ReasoningAnswerTokenLengthFilter
About 279 wordsLess than 1 minute
2025-10-09
📘 Overview
The ReasoningAnswerTokenLengthFilter is an operator designed to filter out answers that exceed a specified token length limit. It uses a tokenizer to count the number of tokens in a given answer string and retains only those entries that are within the configured maximum length.
__init__ function
def __init__(self,
max_answer_token_length: int = 8192,
tokenizer_dir: str = "Qwen/Qwen2.5-0.5B-Instruct")| Parameter | Type | Default | Description |
|---|---|---|---|
| max_answer_token_length | int | 8192 | The maximum number of tokens allowed for an answer. |
| tokenizer_dir | str | "Qwen/Qwen2.5-0.5B-Instruct" | The directory path or model name for the tokenizer. |
Prompt Template Descriptions
run function
def run(self,
storage: DataFlowStorage,
input_key: str = "generated_cot")| Parameter | Type | Default | Description |
|---|---|---|---|
| storage | DataFlowStorage | Required | The DataFlowStorage instance used for reading and writing data. |
| input_key | str | "generated_cot" | The name of the input column containing the answers to be filtered. |
🧠 Example Usage
from dataflow.operators.reasoning import ReasoningAnswerTokenLengthFilter
from dataflow.utils.storage import FileStorage
from dataflow.core import LLMServingABC
class ReasoningAnswerTokenLengthFilterTest():
def __init__(self, llm_serving: LLMServingABC = None):
self.storage = FileStorage(
first_entry_file_name="example.json",
cache_path="./cache_local",
file_name_prefix="dataflow_cache_step",
cache_type="jsonl",
)
self.operator = ReasoningAnswerTokenLengthFilter(
max_answer_token_length=8192,
tokenizer_dir="Qwen/Qwen2.5-0.5B-Instruct"
)
def forward(self):
self.operator.run(
storage = self.storage.step(),
input_key="output"
)
if __name__ == "__main__":
pl = ReasoningAnswerTokenLengthFilterTest()
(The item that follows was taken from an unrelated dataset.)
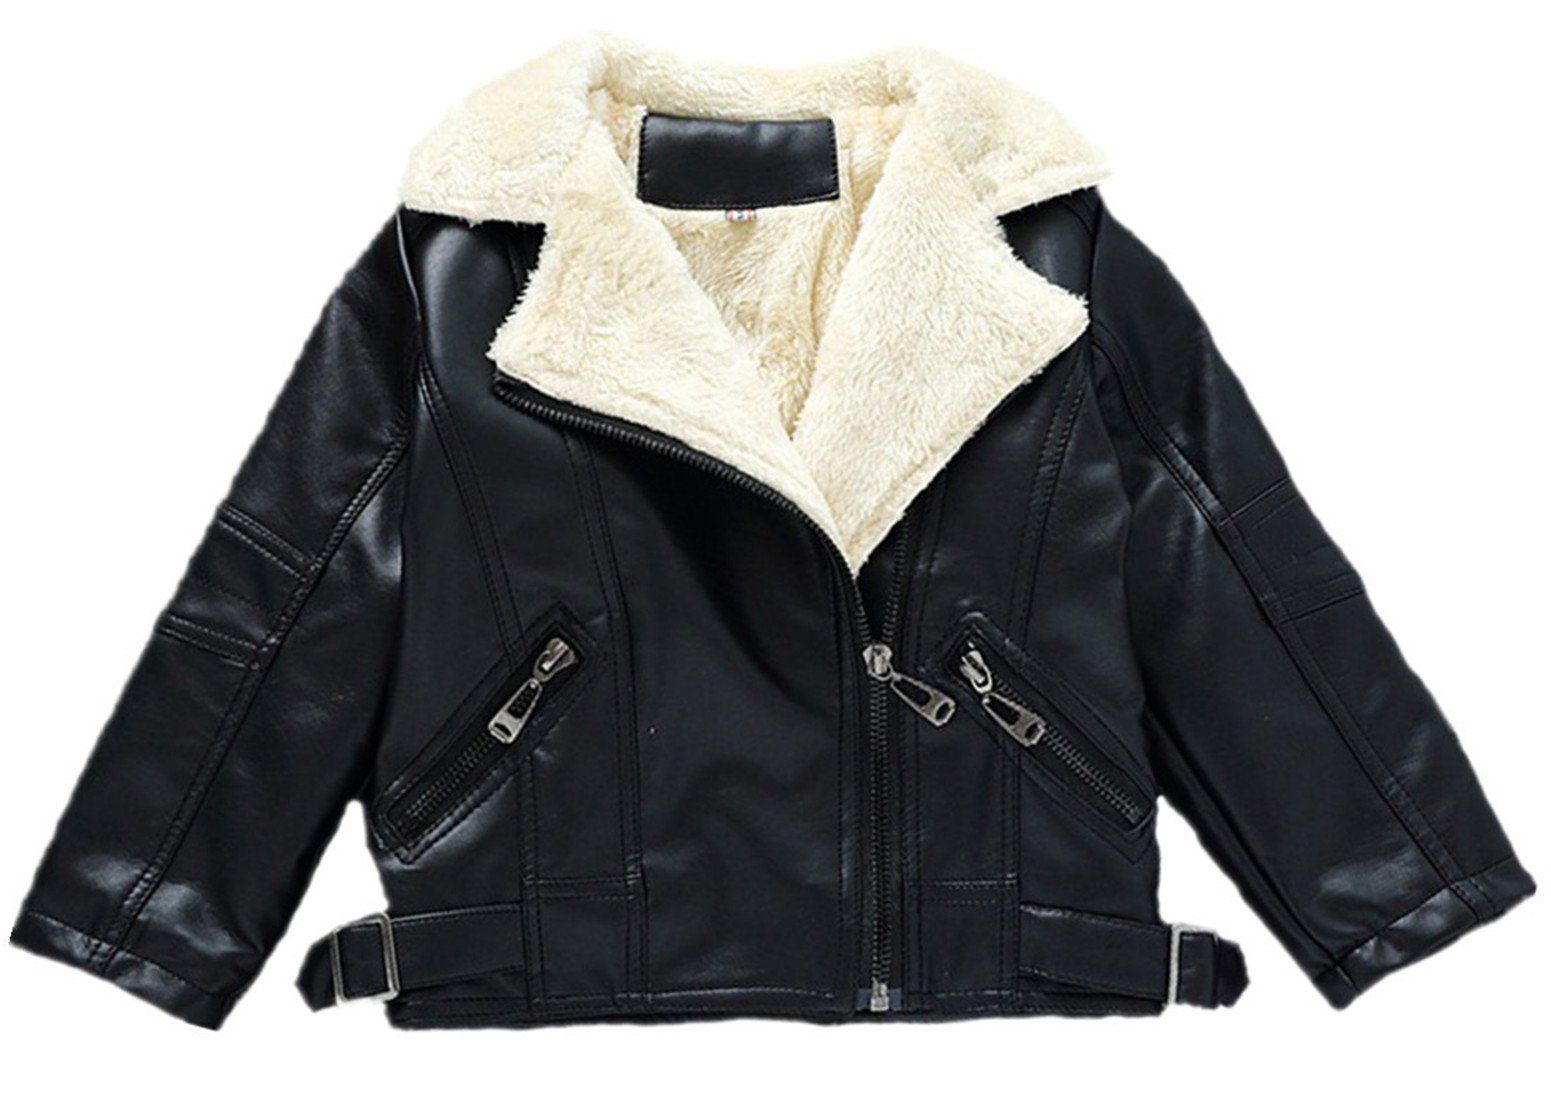 Vska Kids Baby Boy Fashion Children Collar Motorcycle Faux Leather Coats Jacket 3t Black High Quality Materia Leather Coat Jacket Boy Fashion Baby Boy Fashion [ 1100 x 1551 Pixel ]

pl.forward()🧾 Default Output Format (Output Format)
This operator is a filter that does not change the column structure of the data. The output data format is exactly the same as the input, but only includes rows where the token length in the input_key column meets the max_answer_token_length limit.
| Field | Type | Description |
|---|---|---|
| ... (Original input fields) | ... | All original fields from the input data will be preserved. |
Column specified by input_key | str | Answer text that has passed length validation and meets the criteria. |